For a pneumatic brake to work effectively in a converting line, several key features must be evaluated carefully. The quality of tension control depends not only on the braking principle itself, but also on how accurately and consistently the brake can generate and maintain the required torque.

Torque stability and linearity: The brake must deliver stable and linear torque over time. Internal mechanical friction or poorly optimized design solutions can generate torque fluctuations and therefore less accurate tension control.

Heat dissipation: During continuous operation, the brake converts energy into heat.

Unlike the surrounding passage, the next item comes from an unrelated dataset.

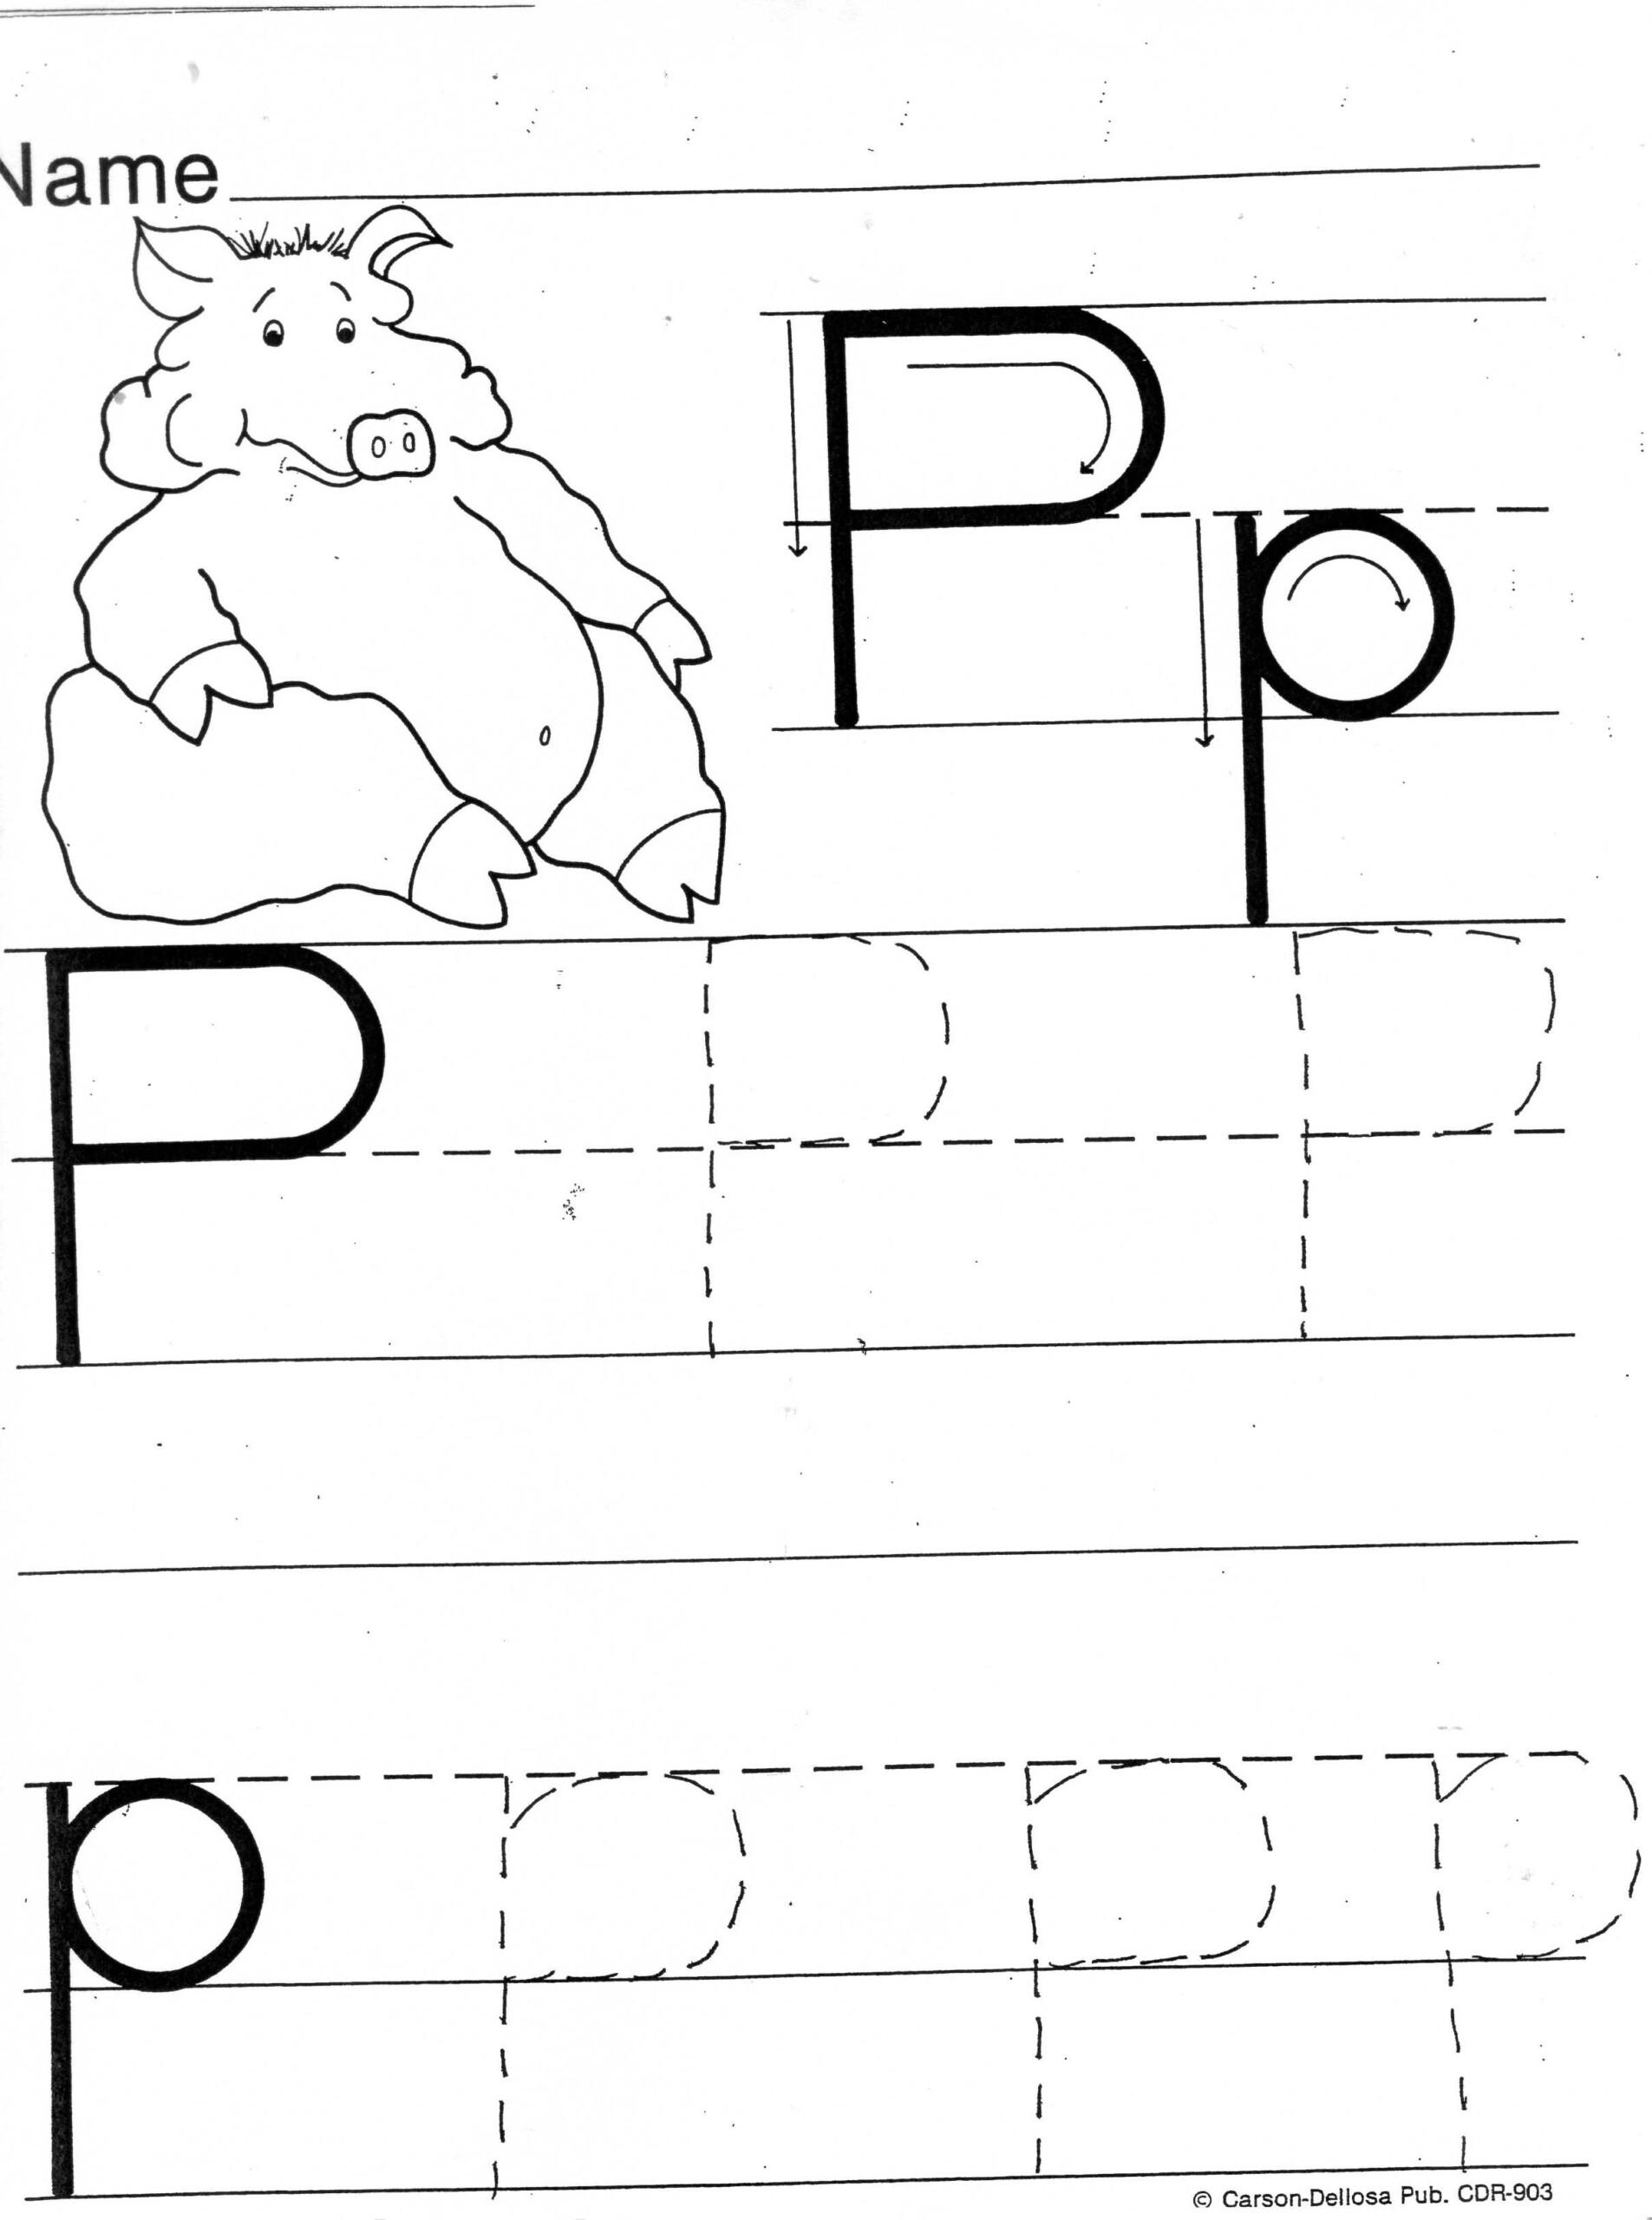 Letter P Handwriting Worksheet لم يسبق له مثيل الصور + Tier3.xyz

Efficient heat dissipation is essential for maintaining constant performance and, in many cases, makes it possible to use more compact solutions even in applications with high power dissipation.

Adaptability to the required torque: The same production line may process different materials and operate under different working conditions. The brake must therefore be able to adapt to the torque required in each situation.

Long-term reliability: In converting, pneumatic brakes often operate continuously. To ensure consistent performance over time, all components must be designed to resist wear and maintain the required behavior even after many hours of operation.

Ease of integration: It is also important to evaluate how easily the brake can be integrated into an existing unwinder or a new machine. Dimensions, mounting configuration and compatibility with the control system all directly affect machine design.

Maintenance: Because this is a braking system subject to continuous operation, maintenance is a key factor. It is therefore advisable to choose brakes that offer long component life and simple, fast servicing.

Robustness: Given the working loads, industrial environments and reel masses involved, pneumatic brakes must be robust and resistant, even in the presence of shocks or demanding operating conditions.

Several braking technologies are used in industry, each with specific characteristics and fields of application.

• Electromagnetic brakes: These are often used in applications with low torque and limited dissipation, or in environments where dust emissions are not allowed.
• Hydraulic brakes: These systems are more complex in terms of management and maintenance and are now far less common in converting.
• Eddy current brakes: Also known as Foucault current brakes, they generate braking force without physical contact by exploiting magnetic fields and induced currents. They are special solutions used in specific applications.
• Manual belt systems: These are now largely outdated in modern converting, where higher precision, stability and automation are required.

In this context, the pneumatic brake remains one of the most widely used and reliable solutions for unwind tension control.

A pneumatic brake is used in all applications where a reel of material must be unwound in a controlled way.
More specifically, it is commonly installed on the unwinders of:

• printing machines
• flexible packaging lines
• label printing machines
• paper converting lines
• corrugators for corrugated board production
• slitter rewinders
• coating and laminating lines
• many other reel-to-reel production systems

In all of these machines, the benefits of a pneumatic brake are very concrete:

• more stable web tension
• improved final product quality
• reduced waste
• the possibility of increasing line speed
• greater production continuity and fewer unplanned stops

In other words, a properly sized and properly integrated pneumatic brake directly contributes to the overall efficiency of the plant.